Zooming in the only trait I can even distinguish it from an eel with is a vague sense of the body shape being wrong, to try and ID it as any kind of snake I would be making guesses. Furthermore all of Blues characteristics point just as equally to a Brown Tree Snake as they do a Rough-scaled Snake.


----------



## bigguy (Jan 8, 2013)

Could also be a young Eastern Brown The pic is terrible for any detail apart from the banding. So you have 4 species to pic from, any would be a guess from that poor pic. Only thing for certain its not a Keelback for a change)


----------



## GeckoJosh (Jan 9, 2013)

GeckPhotographer said:


> Zooming in the only trait I can even distinguish it from an eel with is a vague sense of the body shape being wrong, to try and ID it as any kind of snake I would be making guesses. Furthermore all of Blues characteristics point just as equally to a Brown Tree Snake as they do a Rough-scaled Snake.

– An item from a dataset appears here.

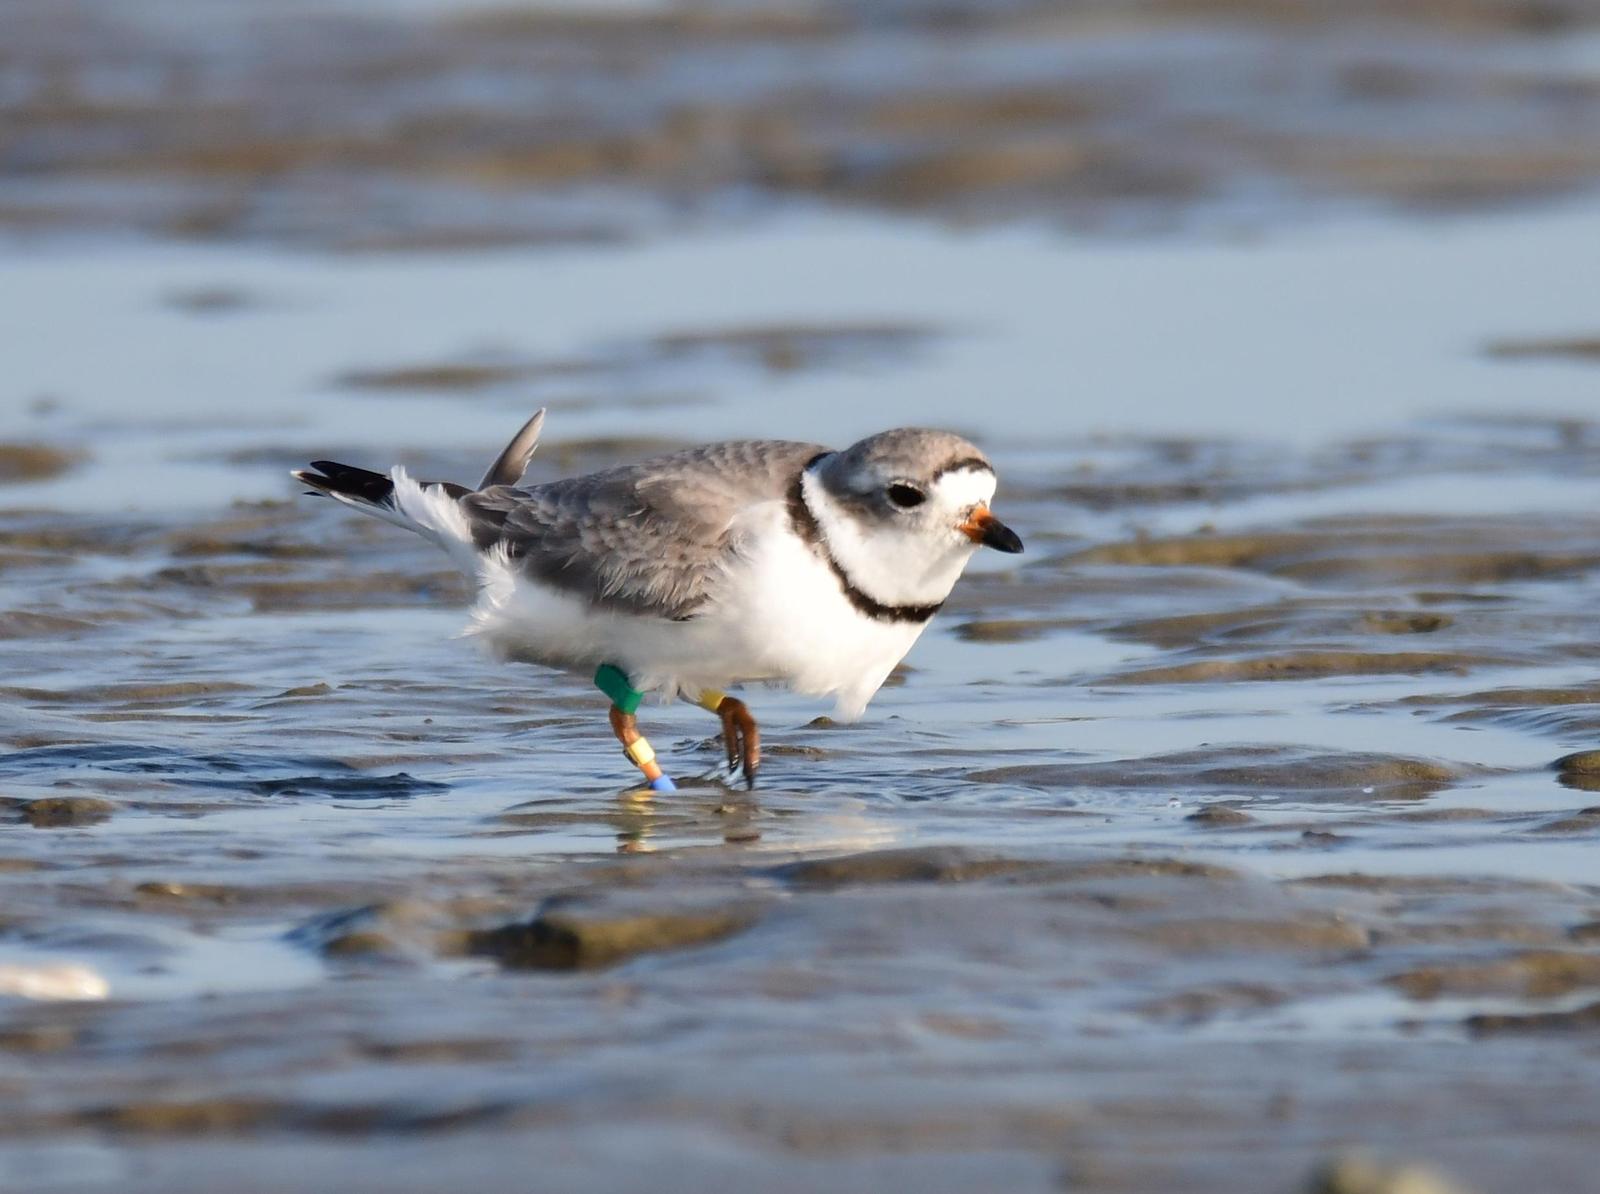 Piping Plover Photo by Jacob Zadik

I laughed at your reply, only as my first thoughts were the same about it almost looked like an eel


----------



## Bluetongue1 (Jan 9, 2013)

*GeckoJosh*,
On what basis do determine that I am saying tiger snakes are not found in the habitat. Of course they are. The banding that is visible is far too narrow for a tiger snake. Also the colours of body and bands are not consistent with those of tiger snakes. It was on this basis that I eliminated them as a possibility.

*Geckophotographer*,
The last couple of comments you have made on my contributions to IDs indicate a personal disagreement rather than an objective assessment. I do not where your issue emanates from but it would be better sorted out by personal messages, rather than the open forum. 

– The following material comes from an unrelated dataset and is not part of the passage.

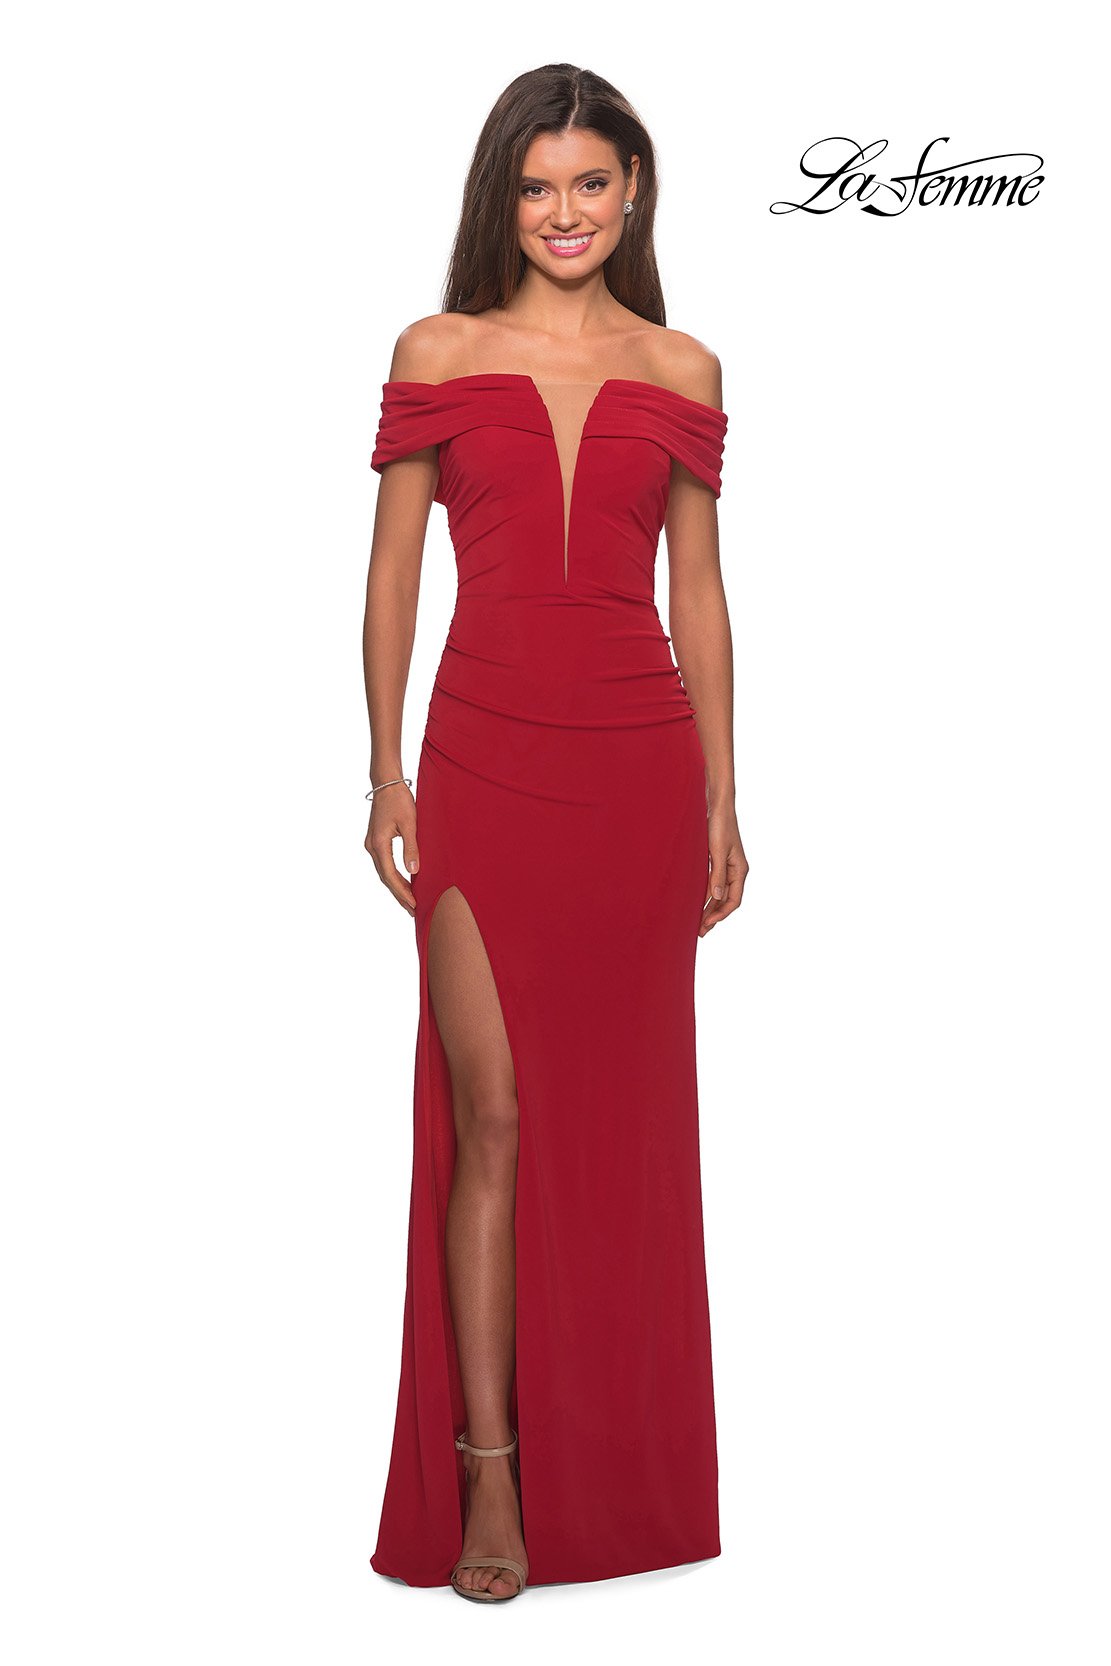 La Femme 28132 dress images in these colors: Black, Deep Red, White.

The colours and width of banding are not consistent with those of a BTS. The snake in question was diurnal and BTS are nocturnal. My conclusions were not based on full body form or proportions. So while you may decry the absence of these features and arrive at your own conclusions based thereon, you do me an injustice in terms of the observable traits and the logic I utilised to arrive at my conclusion. 

*Bigguy*,
Again, the visible banding is too narrow for an eastern brown snake and the behaviour of the snake being partially immersed in water is not consistent with the behaviour of eastern browns.


----------



## GeckoJosh (Jan 9, 2013)

This Blue "This ID is strengthened by the semi-aquatic behaviour demonstrated."

I do not know why you feel so strongly about your choice of ID, the pic is clearly not focussed enough to make any 100% calls.


----------



## GeckPhotographer (Jan 9, 2013)

Blue I have no personal disagreement with you. The original set of characters you gave all pointed towards a BTS just as much as a Roughy. Now that you have clarified the features you can see they do point more to a Rough Scale, though I'd say I've found more than a few BTS in the day time, not to mention Roughies are also nocturnal. 

My problem is that as my first comment alluded even at the highest zoom I can achieve I cannot see any features whatsoever, in fact though I can see some variation in colour it is not defined as banding in the picture (the only banding I know it has coming from the description). So where you're seeing all the features you see I don't know. 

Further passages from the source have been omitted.